A composition (a reusable sub-pipeline included via use:) does not get its own memory budget. Body operators register with the same arbitrator instance as the parent pipeline, admit through the same paths, and spill to the same temporary directory. The recursion is purely structural. Body-scope consumer registrations are unregistered automatically when the body exits, so a body’s NodeBufferConsumer wrappers do not leak into the parent scope’s policy registry.

When a budget exceedance involves a composition, the error message arrives in one of two shapes:

  • At the composition boundary (records flowing into the body via an input port, or back out into the parent) — the error names the composition’s call-site directly (e.g. enrich_call).
  • Inside the body — the error is wrapped so the user-visible call-site name surfaces alongside the body-internal operator that tripped. The rendered message reads in composition 'enrich_call': ... followed by the inner detail.

See error E310 for the full diagnostic model.

Monitoring memory usage

Use the metrics system to track peak_rss_bytes across runs:

clinker run pipeline.yaml --metrics-spool-dir ./metrics/

The metrics file includes peak_rss_bytes, which shows the maximum resident memory during execution.

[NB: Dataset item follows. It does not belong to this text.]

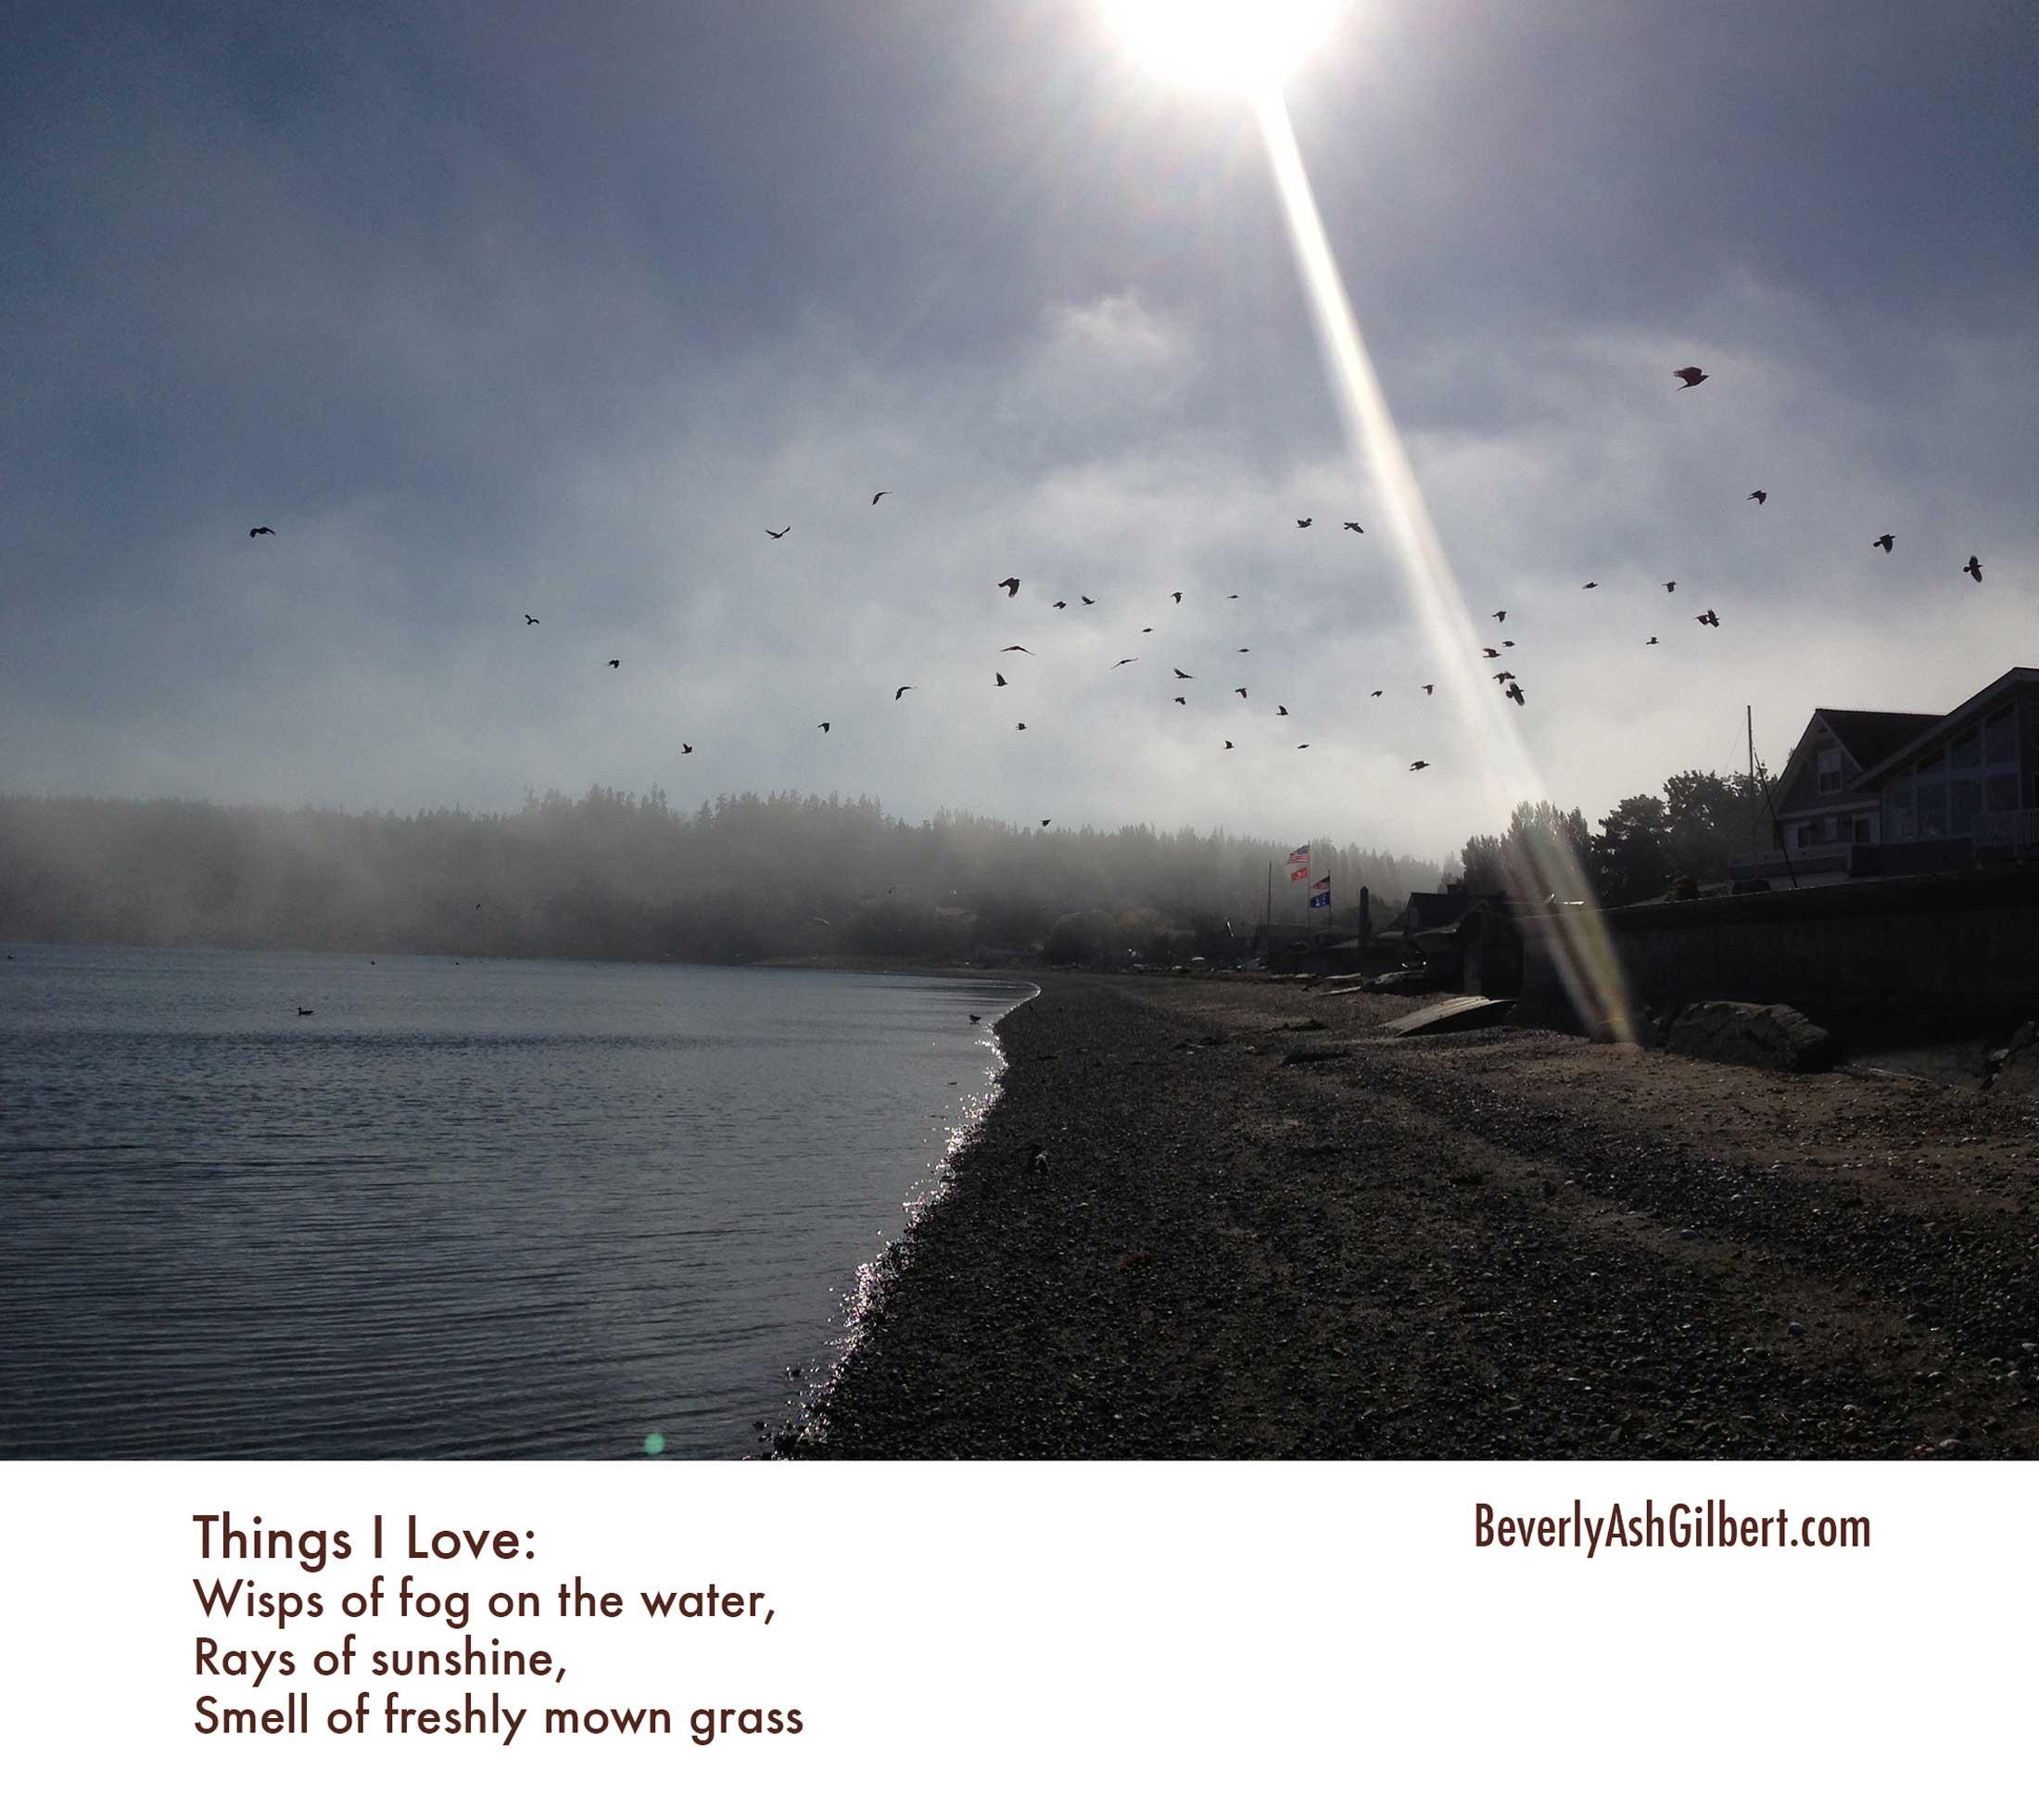 ThingsILove_Wisps_of_Fog.jpg

If this consistently approaches your memory limit, consider increasing the budget or restructuring the pipeline to reduce intermediate state.

Shared server considerations

On servers running JVM applications, memory is often at a premium. Recommendations:

  • Set --memory-limit or memory.limit explicitly rather than relying on the default. Know your budget.
  • Use --threads to limit CPU contention alongside memory limits.
  • Monitor peak_rss_bytes in production metrics to right-size the limit over time.
  • Schedule large pipelines during off-peak hours when JVM heap pressure is lower.